2. 8.885x10^-3mol NaOH x (1 mol HCl/1mol NaOH) = 8.885 x 10^-3mol HCl
Here we just used the mols of NaOH we found to convert to mols of HCl using the 1:1 ratio described earlier.
From the mols of HCl all we have to do is divide by the amount of liters in the solution. Since we started with 10mL HCl and added 24.75mL NaOH, the total volume is 34.75mL = 0.03475L. So:
8.885 x 10^-3mol HCl/0.03475L = 2.557 x 10^-1M HCl
However, this is the molarity of the HCl and NaOH solution, not the original HCl solution.

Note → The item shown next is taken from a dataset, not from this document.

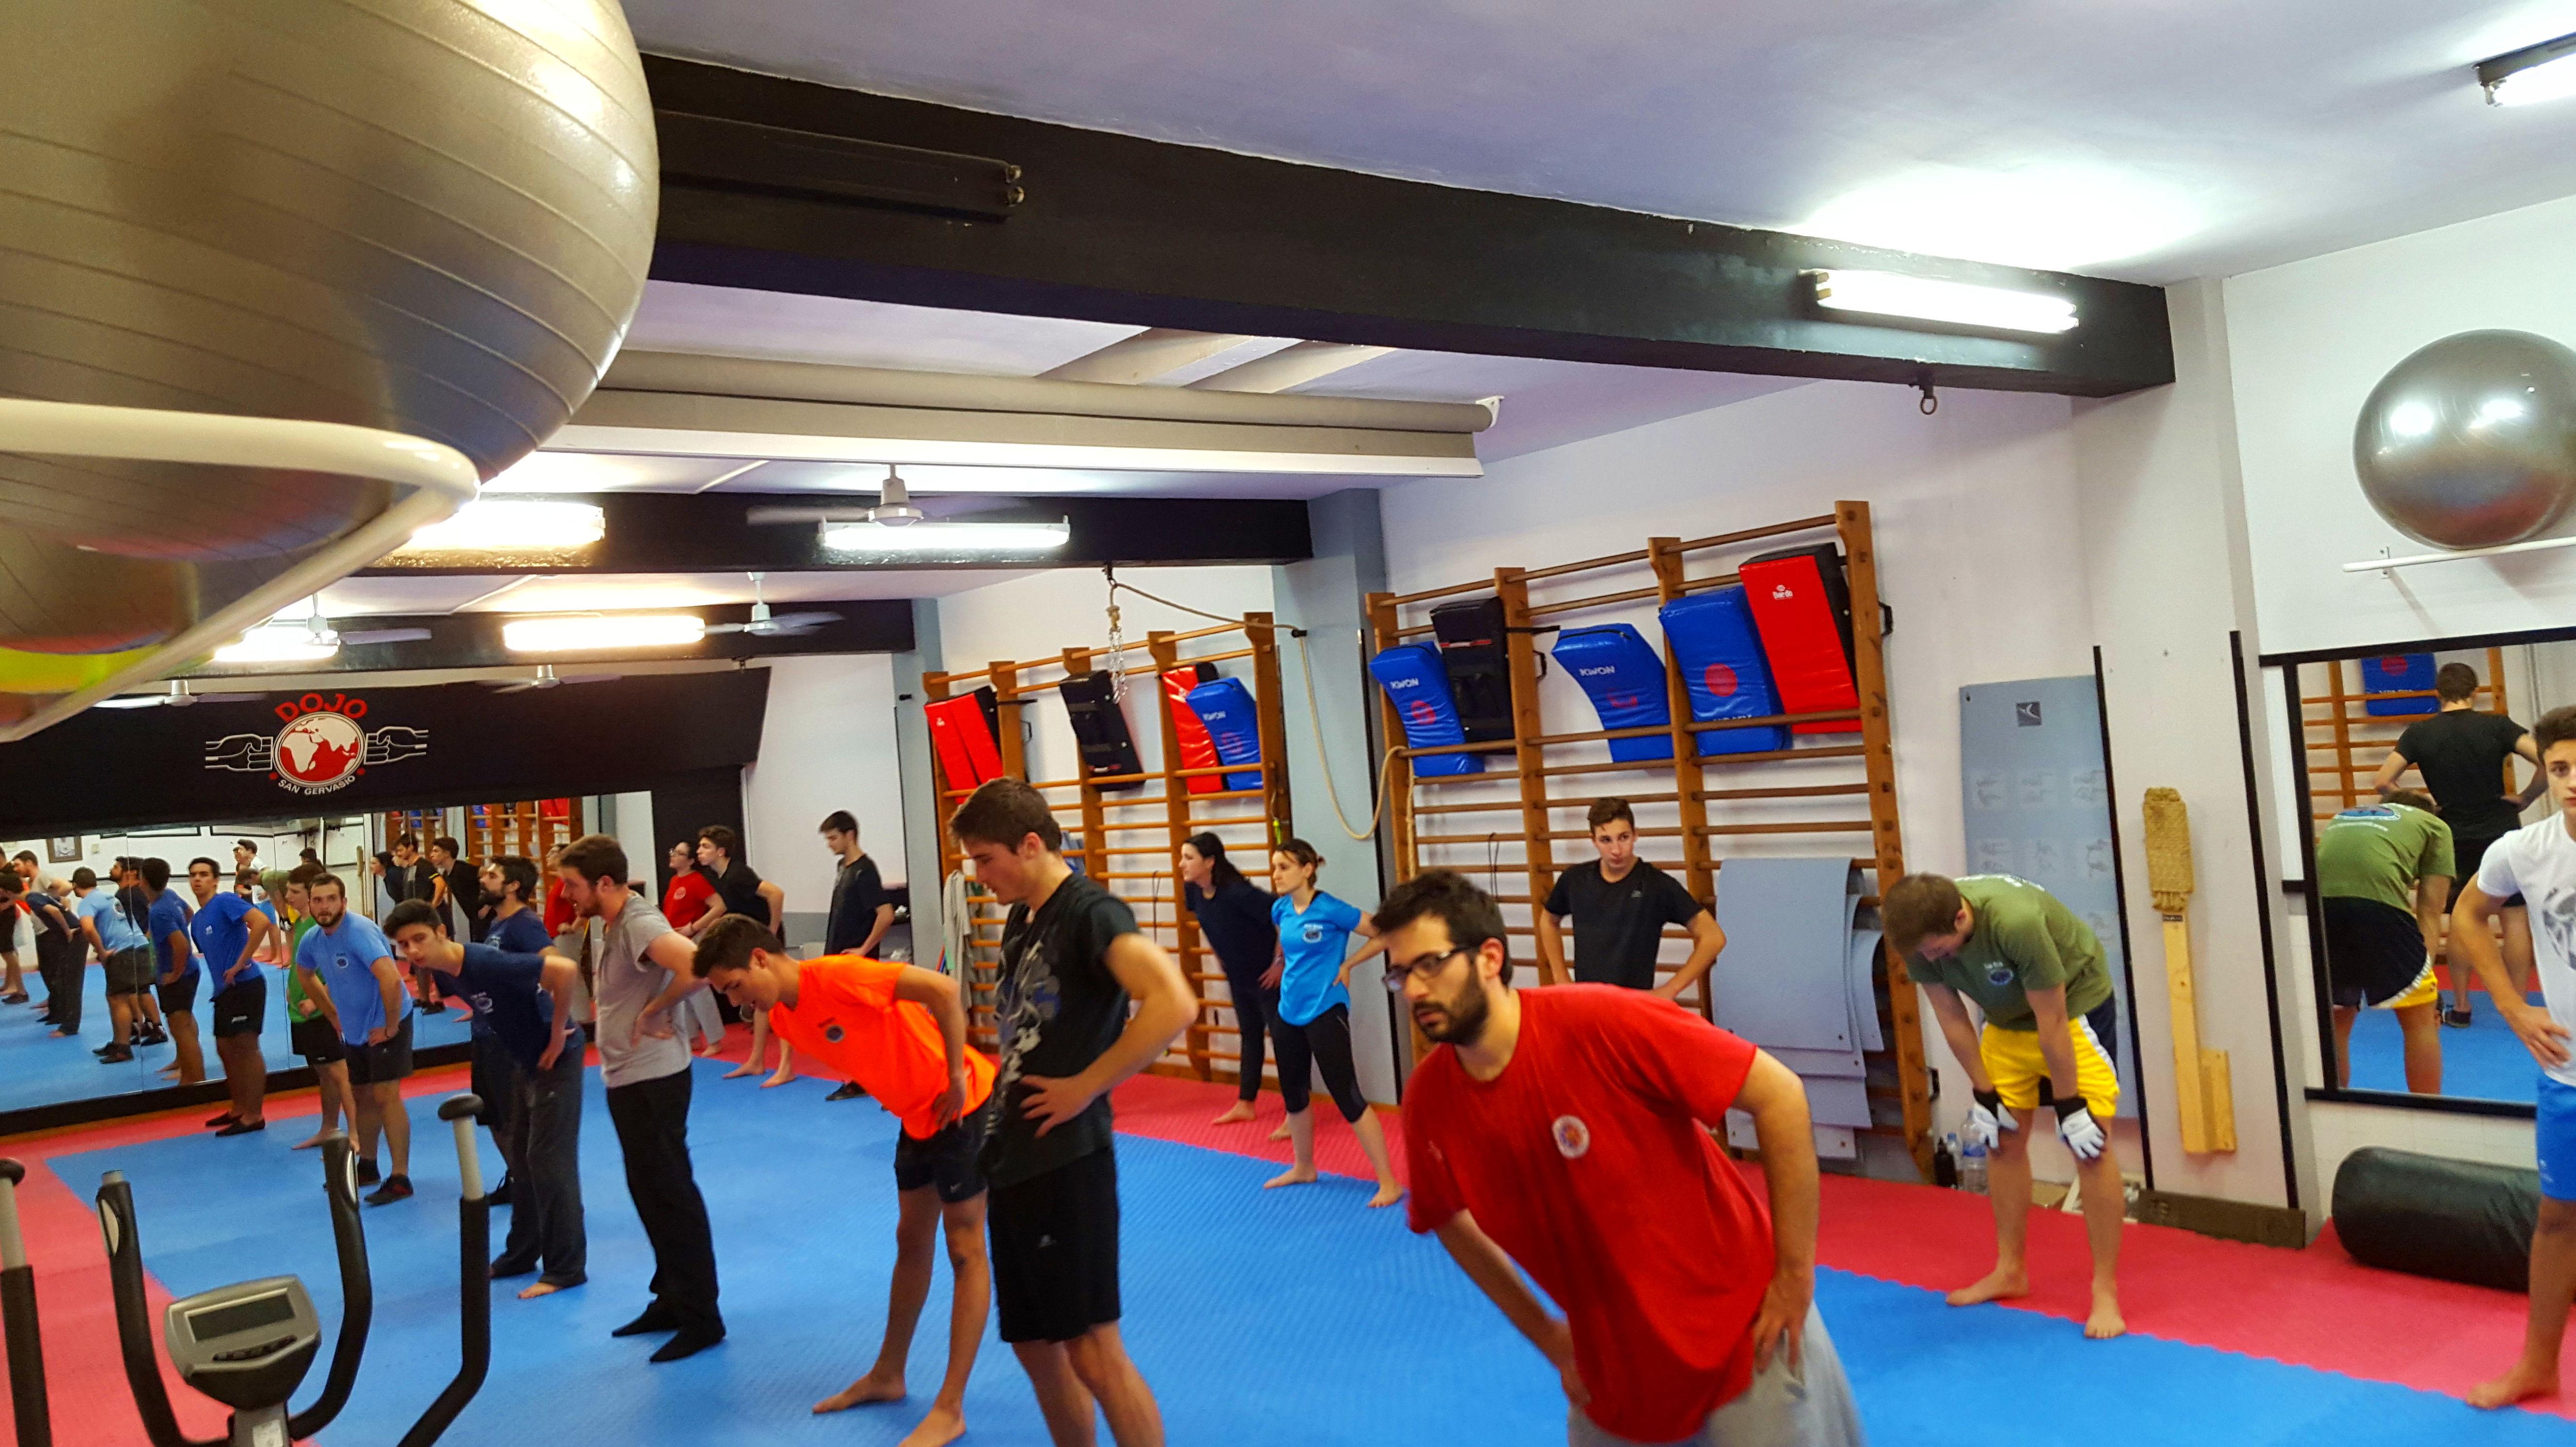 Foto 8 de Clases deportivas en Barcelona | Dojo Sant Gervasi

Using the dilution equation M1V1=M2V2, we can solve for the original molarity.
M1 = the molarity of our HCl in the titrated mixture (2.557 x 10^-1M HCl)
V1 = the total volume that our mixture has (34.75mL = 0.03475L)
M2 = what we're trying to find
V2 = the amount of the original HCl that we had (10mL = 0.010L)
Simply solving for M2 gives us:
M2 = (M1V1) / V2 or:
M2=((2.557 x 10^-1) x 0.03475L) / 0.010L = 8.89 x 10^-1M HCl. That is your answer.